I usually use a mixture of tantalum and ceramic output capacitors. Depending on your DC bias voltage, the ceramic output capacitors will degrade in capacitance by a significant factor. Most people do not consider DC bias when designing output stages. When your calculations result in a particular value, depending on the application, you should consider DC bias, temperature, age, etc.
Using a larger package (1210) can reduce this effect. When you jump to 2220 you're looking at higher costs and stress sensitivity (flex and expansion). In many industries, electrolytic (non-solid) are not allowed to be used. A balance between HF bypassing and LF decoupling depends on your application. Take a look at the DC bias effect on that 10uF capacitor and compare how many ceramics you would need to get 10uF of effective capacitance.
I would throw down a tantalum further away from the DC converter (closer to the load) and ceramics to take the switching ripple currents.
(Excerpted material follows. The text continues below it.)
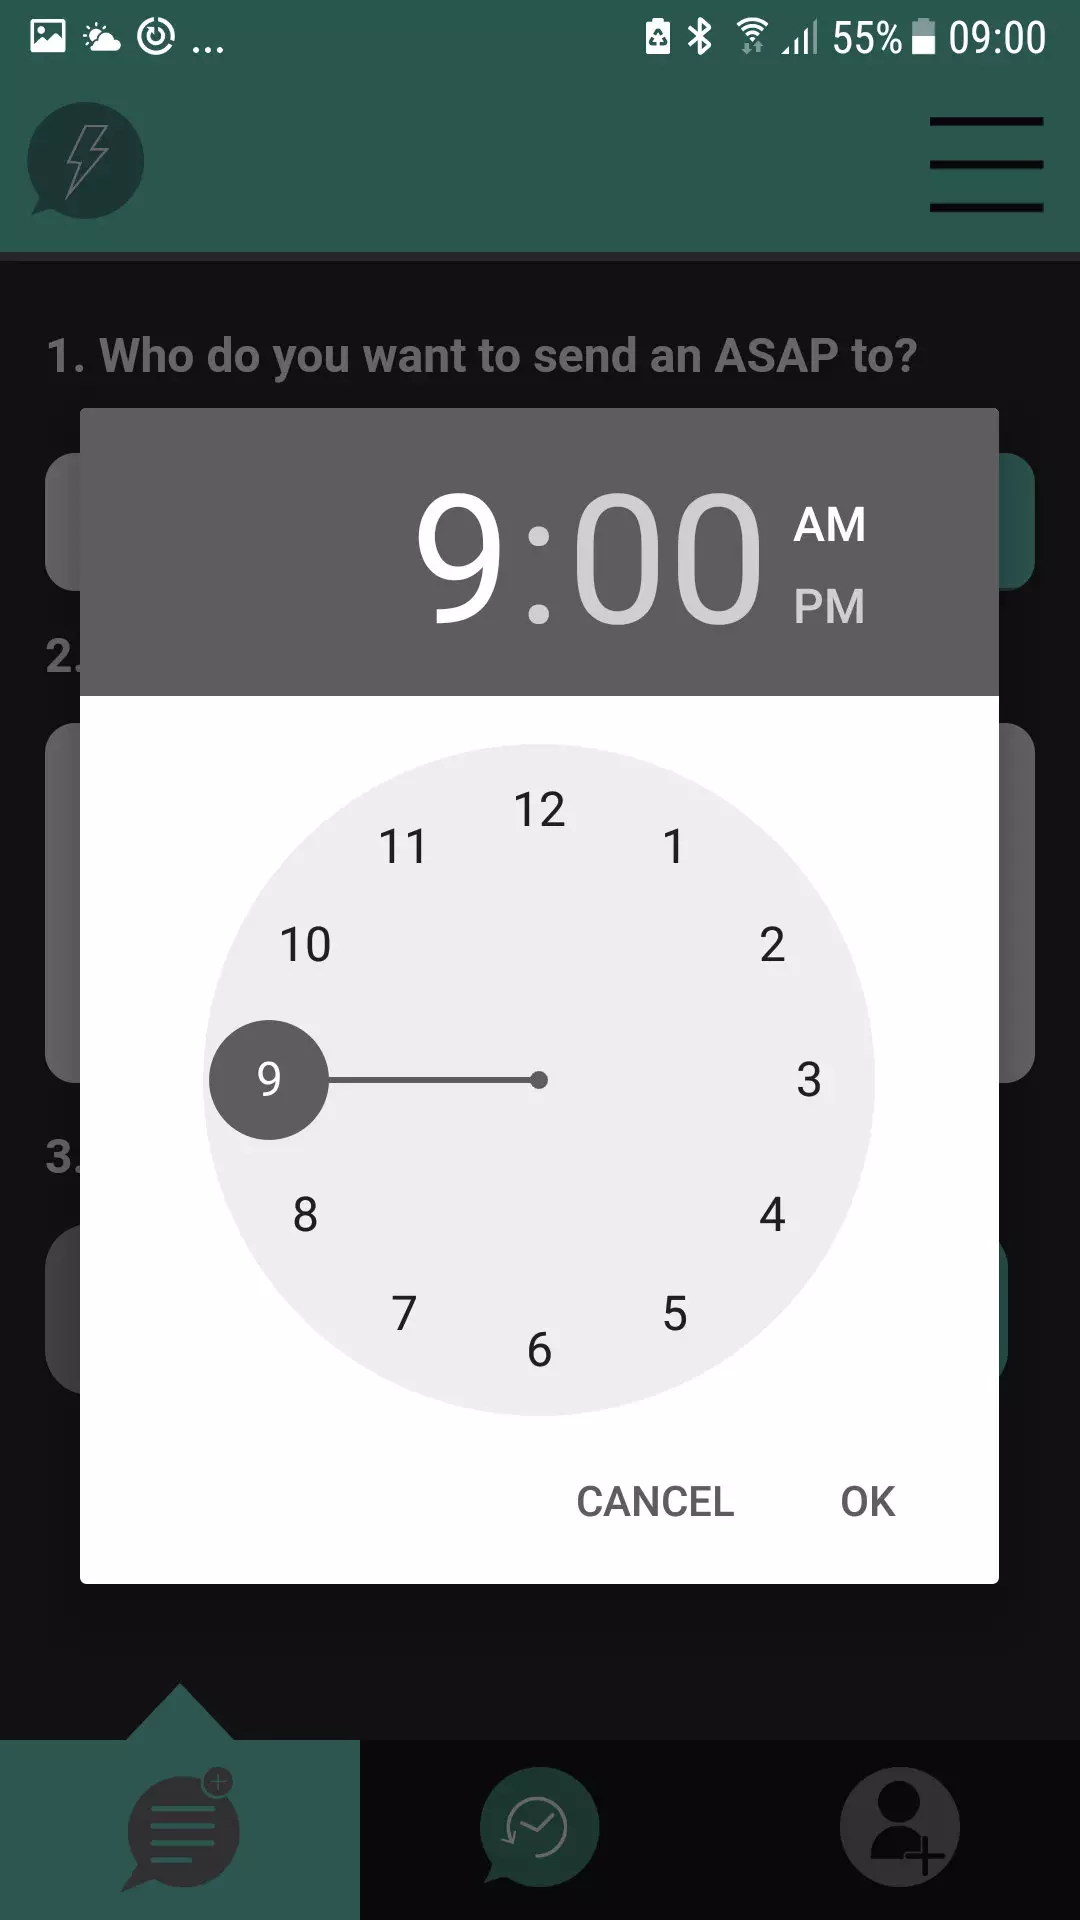 The app freezes the child's phone and sounds an alarm until it is answered.
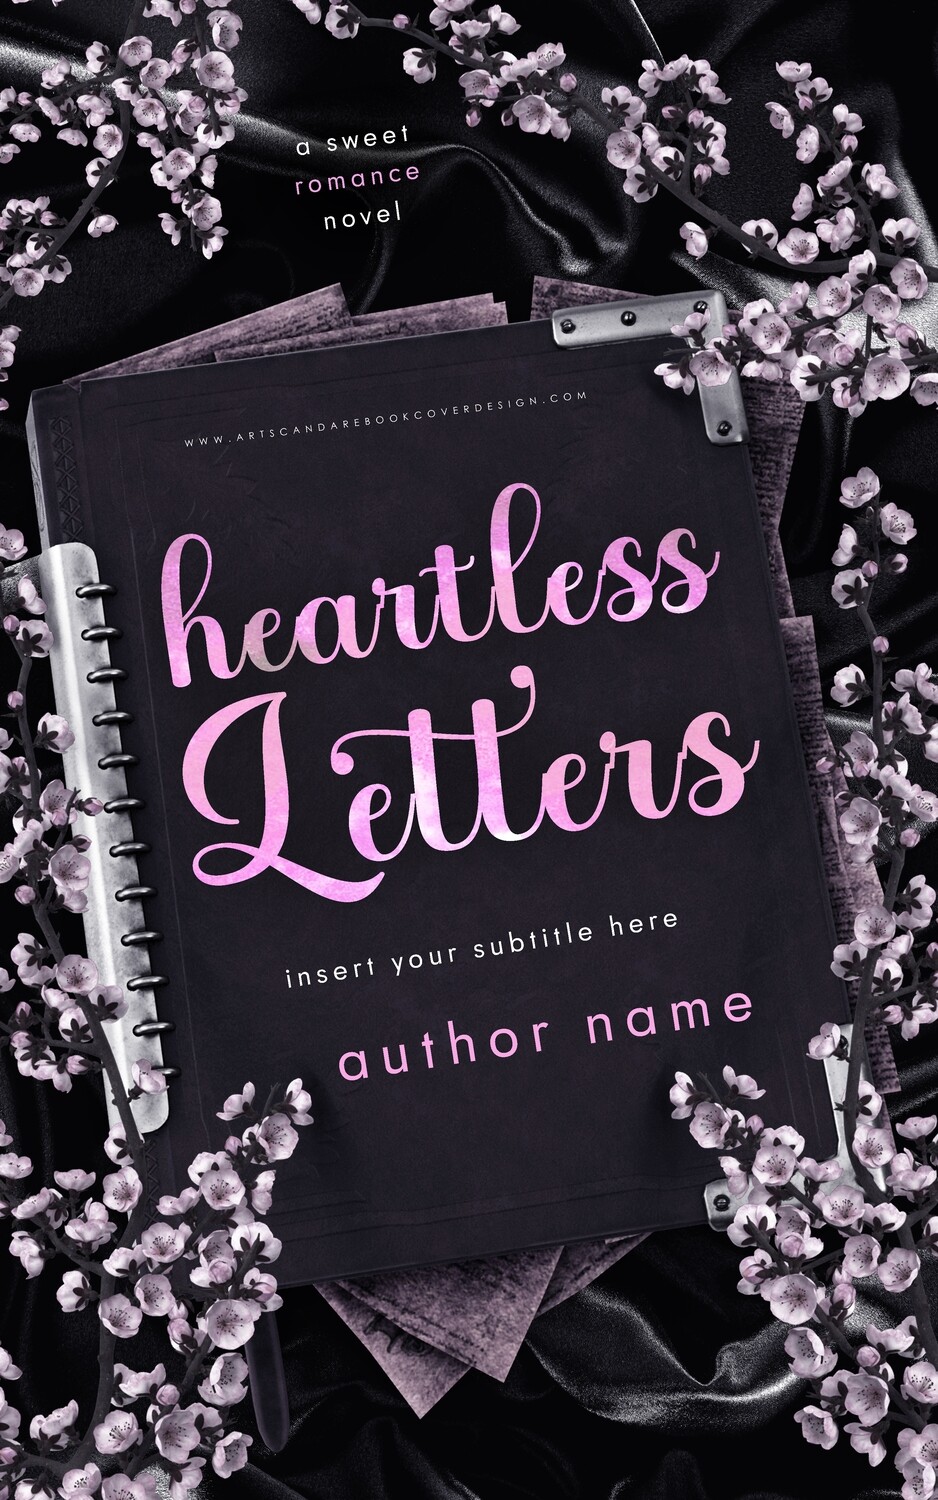 Ebook: Heartless Letters

Tantalum capacitors can be reliable if used properly. If you don't use them in high ripple current, high temperature applications, they're great to work with. There are several organic polymer tantalums (more expensive) that eliminate the typical tantalum failure mode. These caps are the T520 series (Kemet); featuring low ESR and high current capability.
Of course if you're costs aren't a priority and you have space (what are the odds) you can throw down the tantalum and some smaller valued ceramics to take the switch transition currents.
Feel free to add extra requirements or details about your project/design. I would love to provide more insight.